### Exercise details
Could you repeat the listing below exactly while leaving its pictures behind?
Segment Start: Supplied material
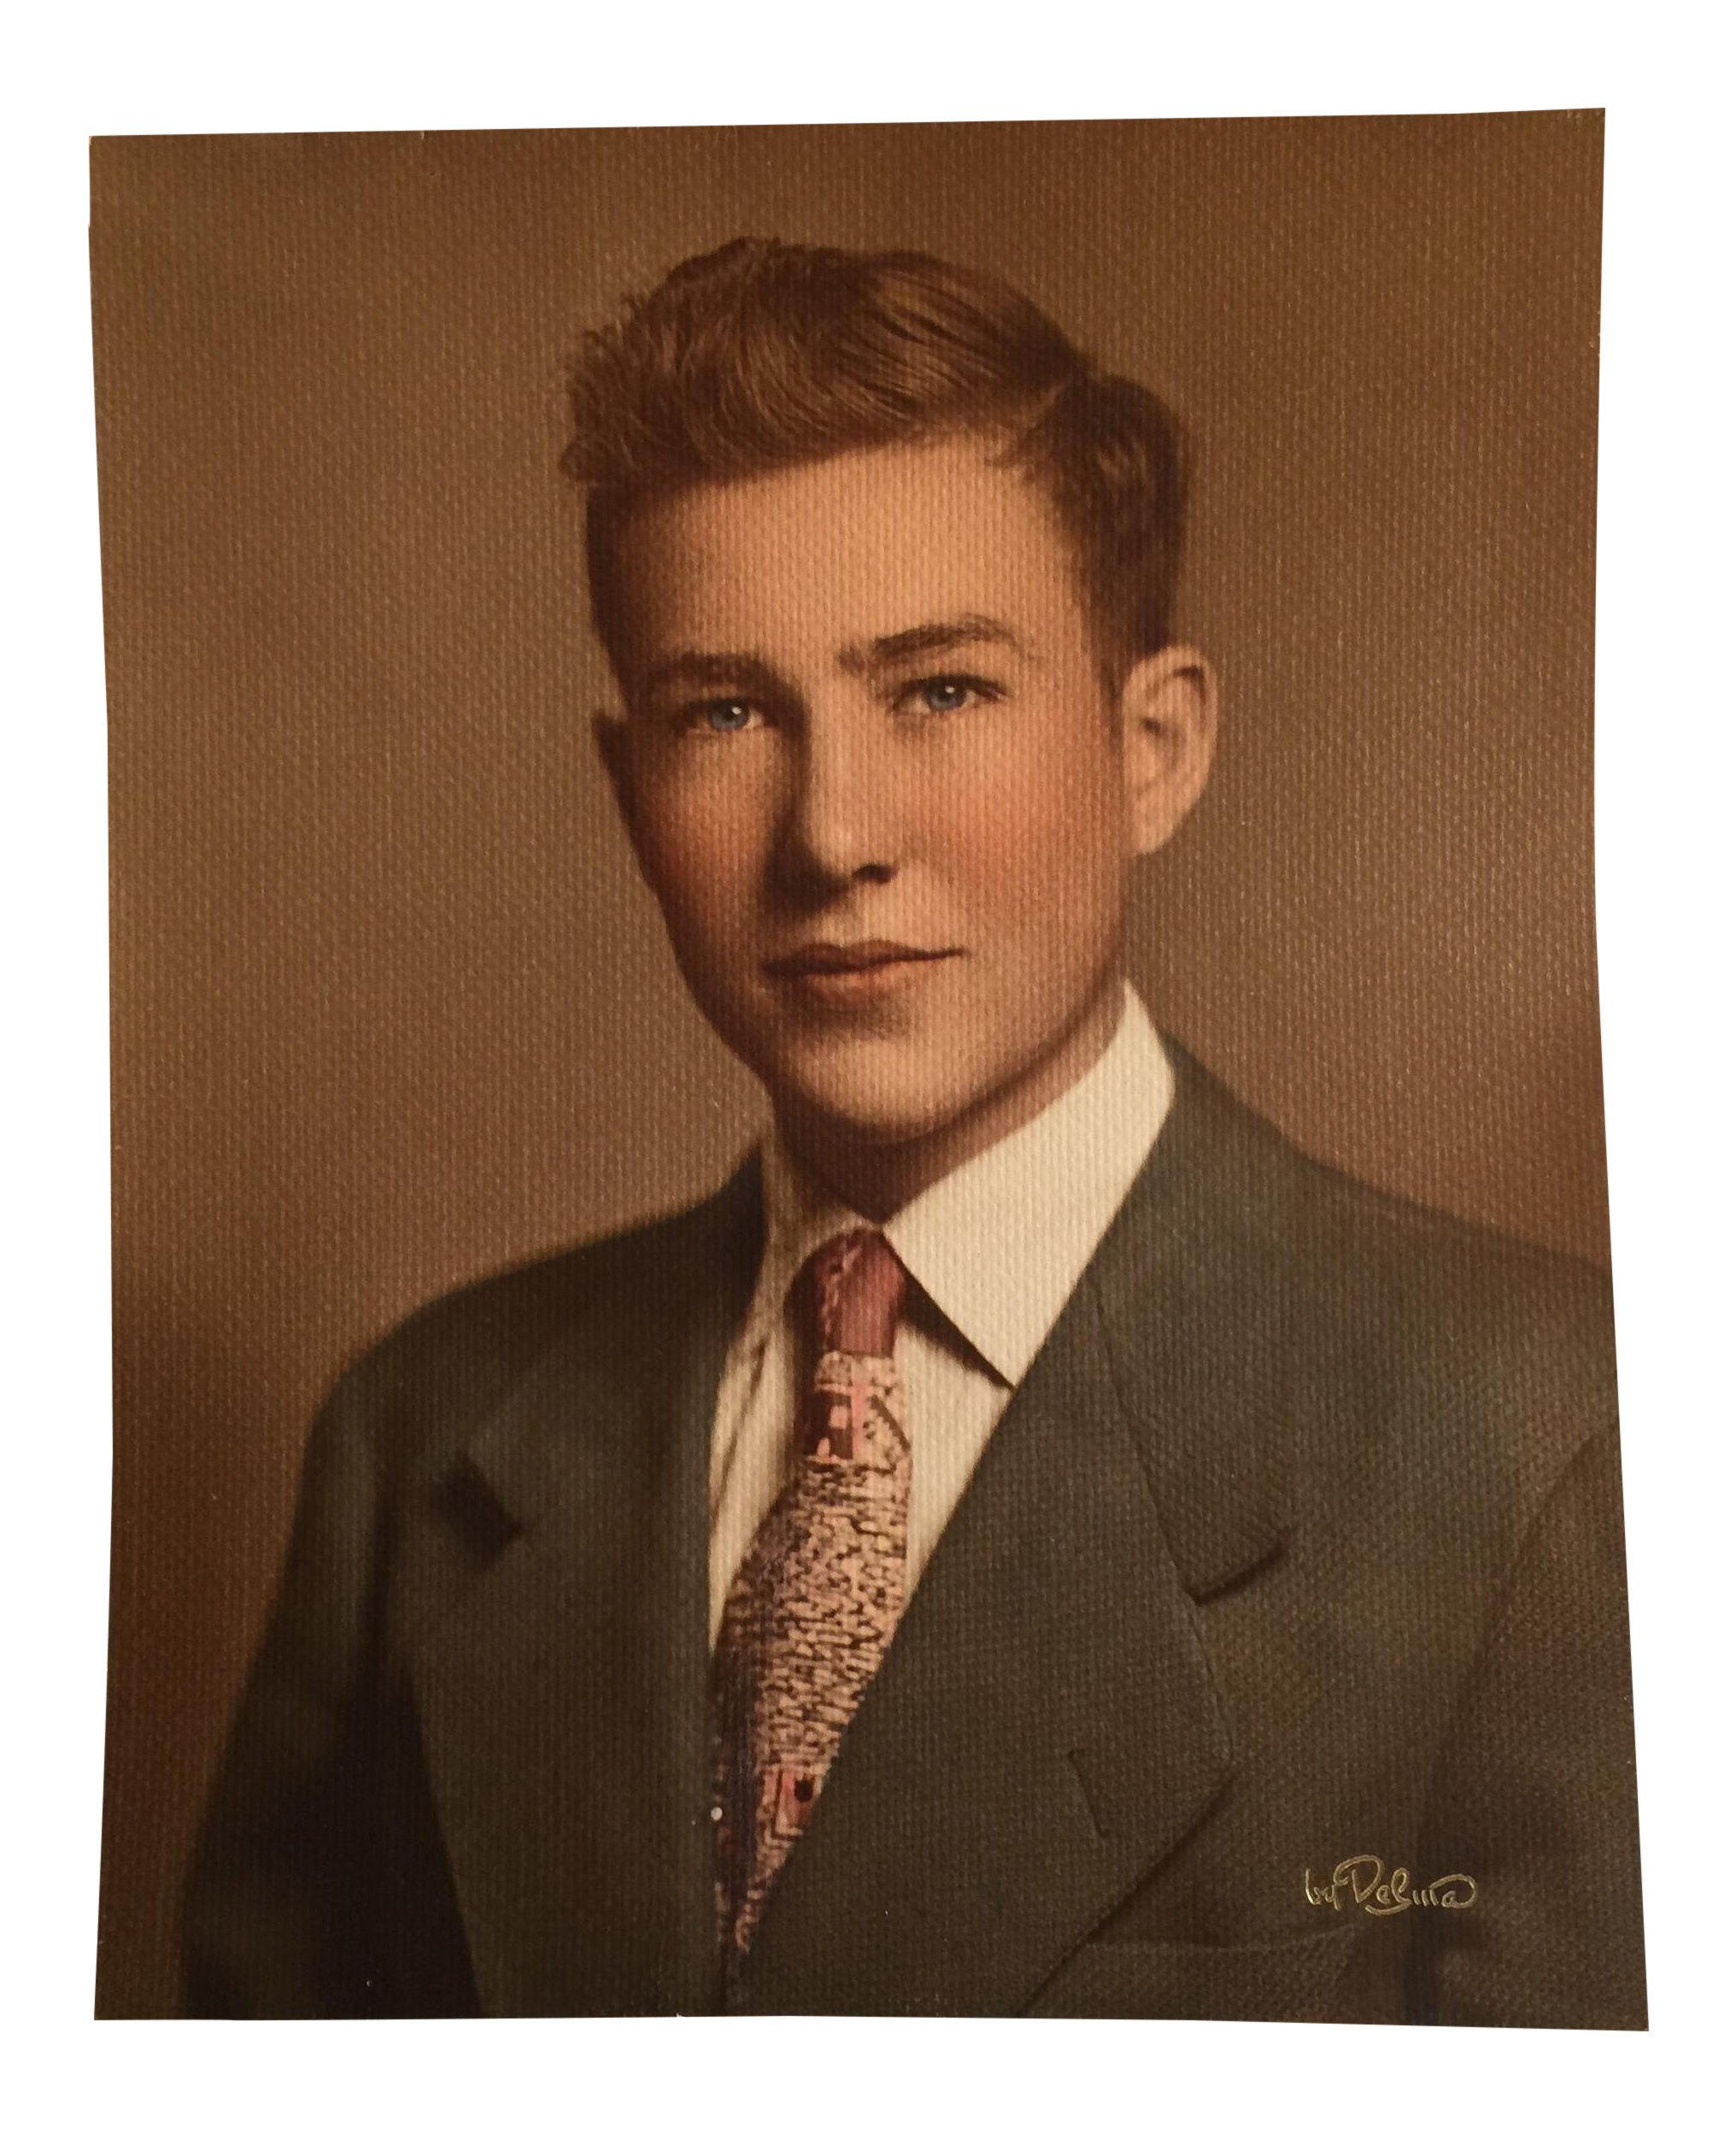 1950 Young Man Graduation Photo Portrait | Chairish
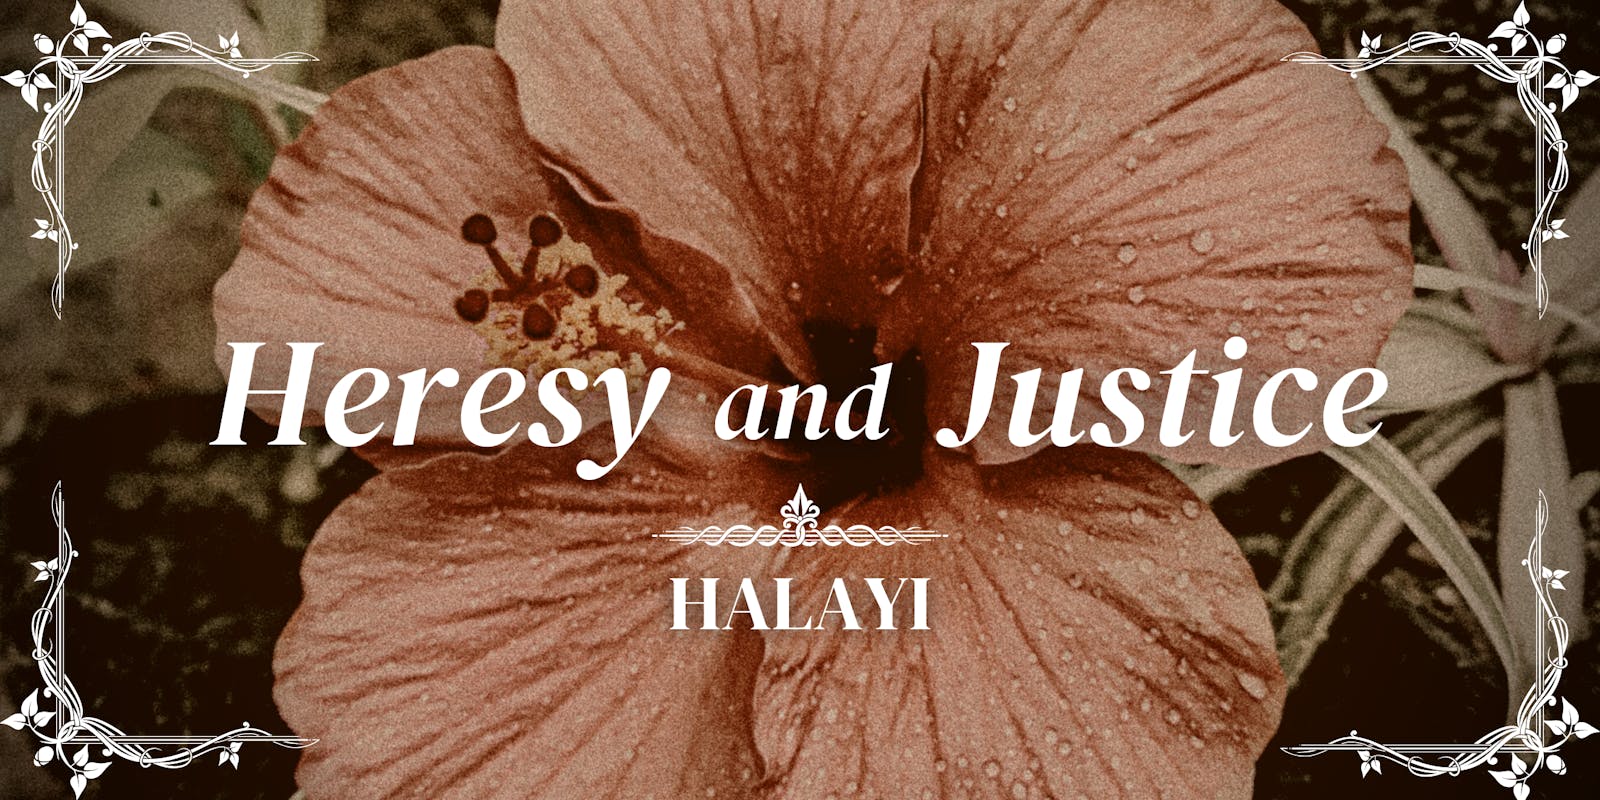 Heresy and Justice by Haliya
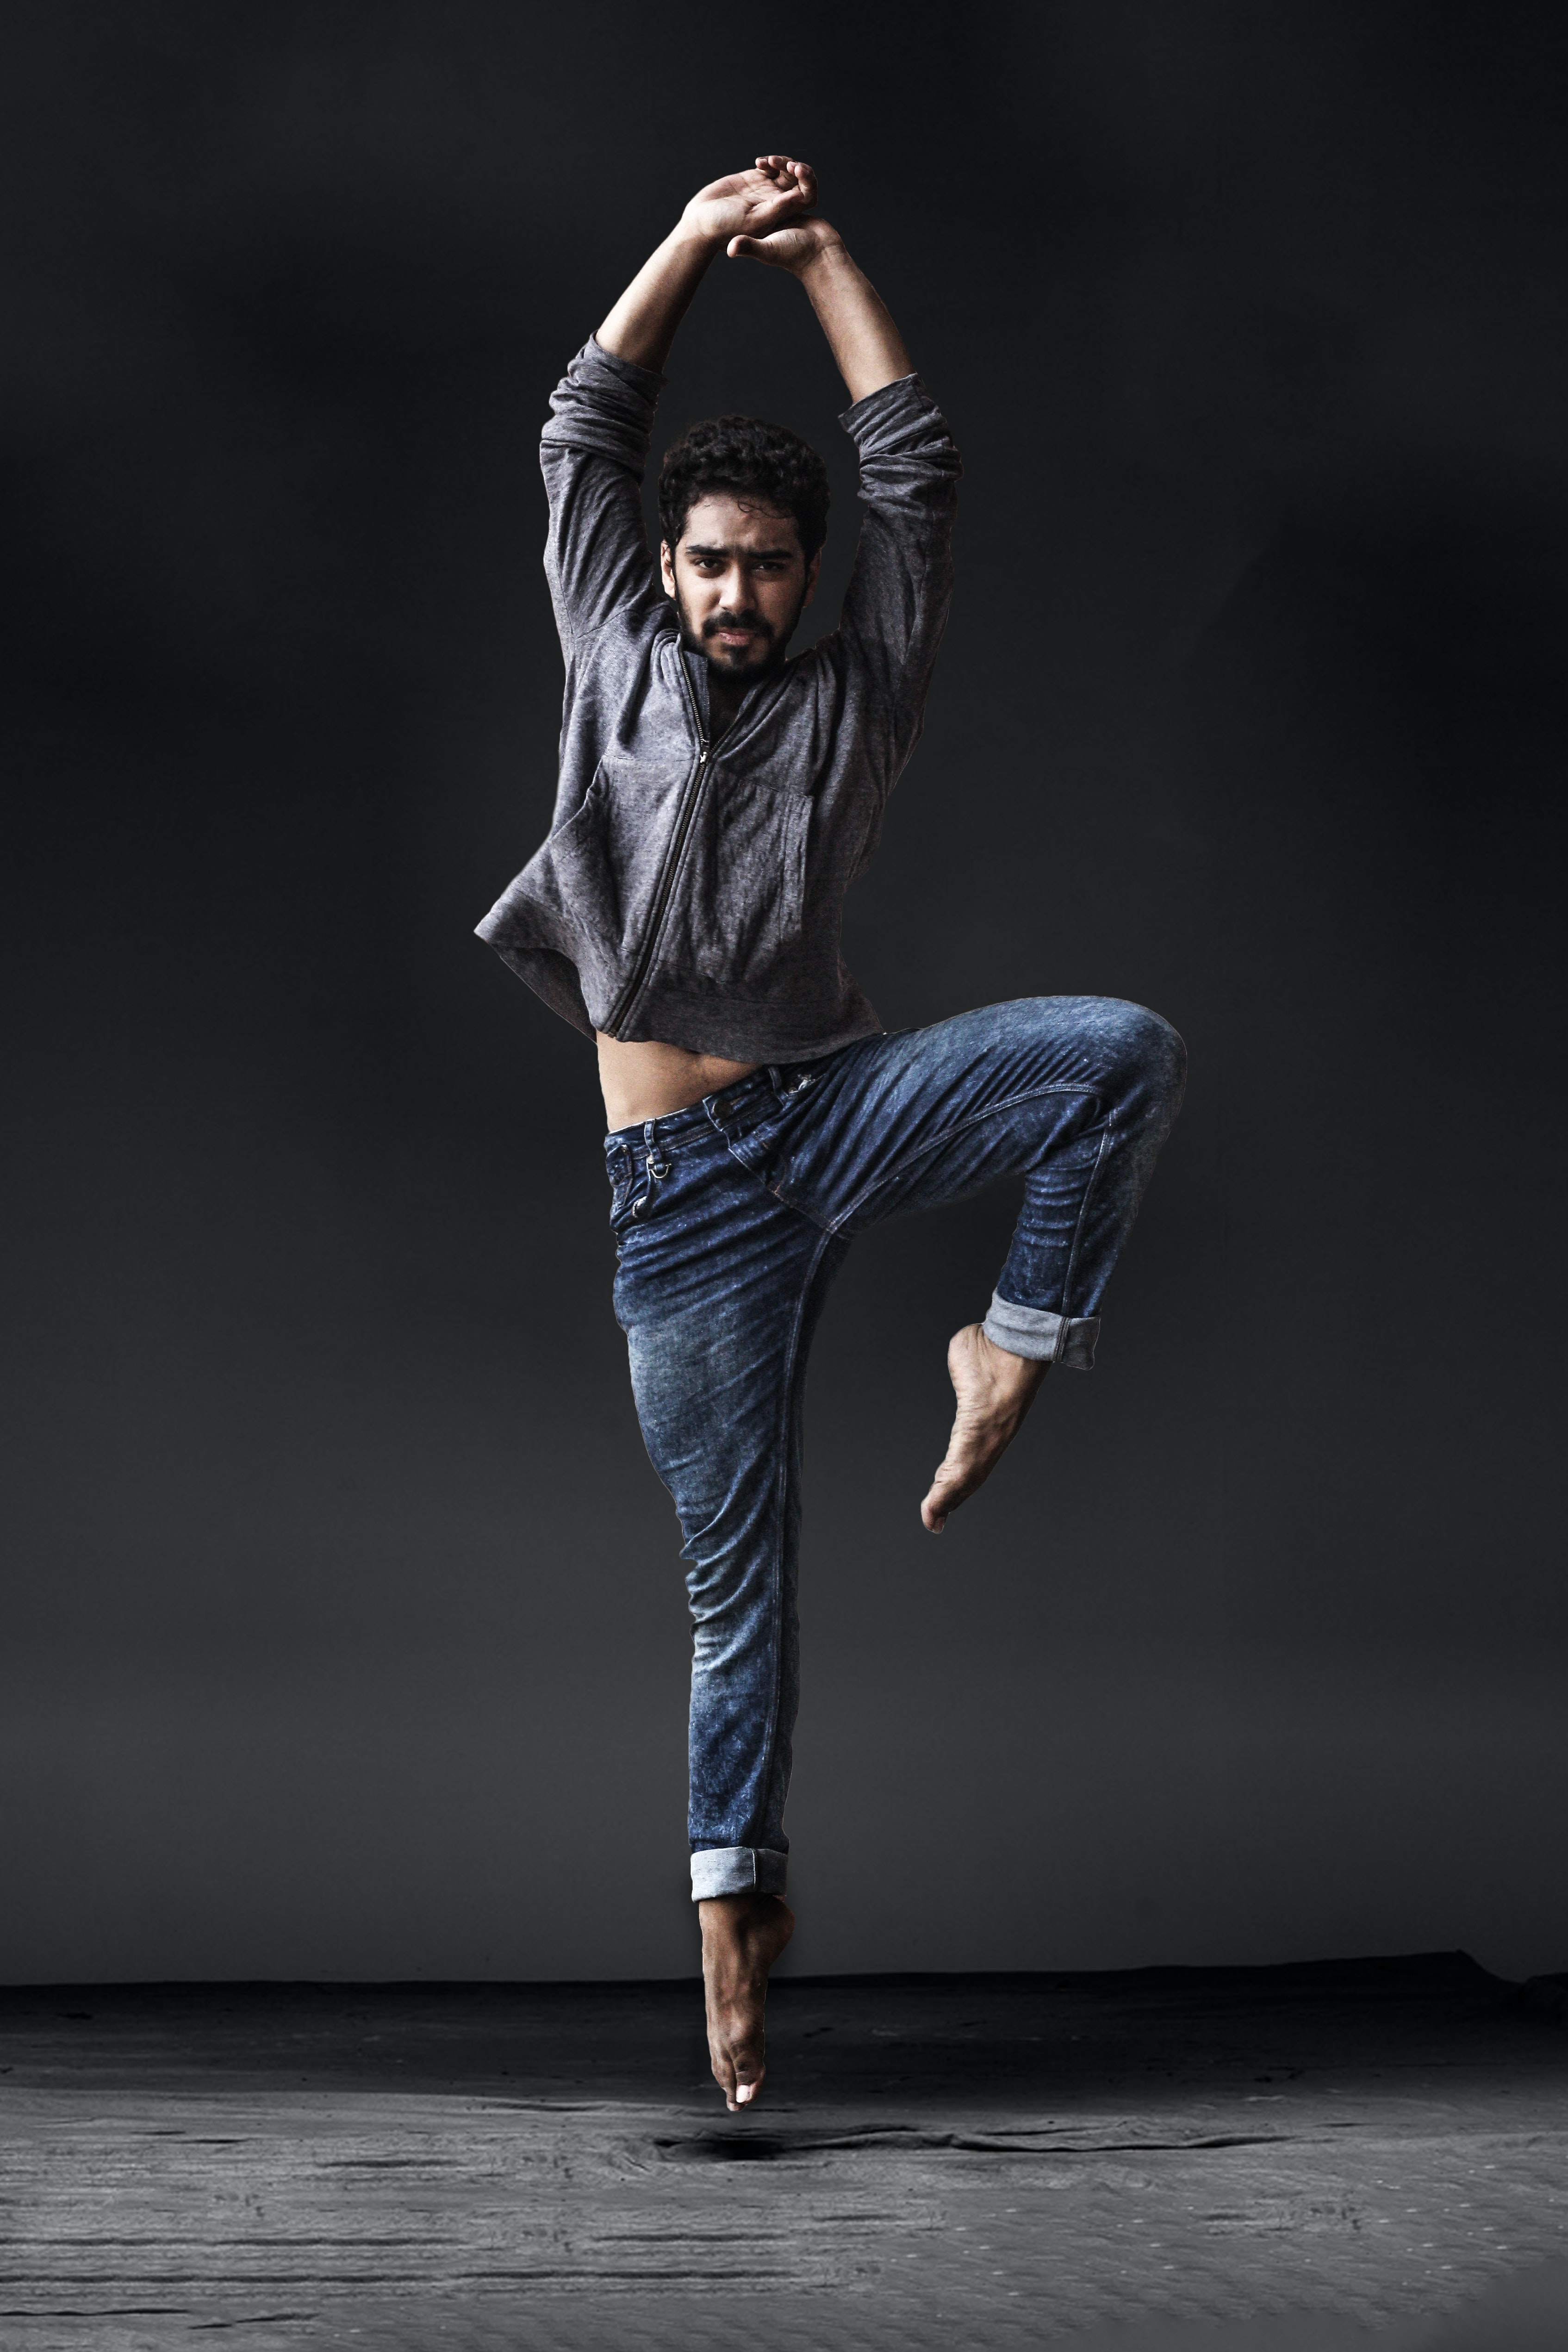 Best Ballet Dancers Photo · 100% Free Downloads
Segment End: Supplied material
### The completed task
 1950 Young Man Graduation Photo Portrait | Chairish
 Heresy and Justice by Haliya
 Best Ballet Dancers Photo · 100% Free Downloads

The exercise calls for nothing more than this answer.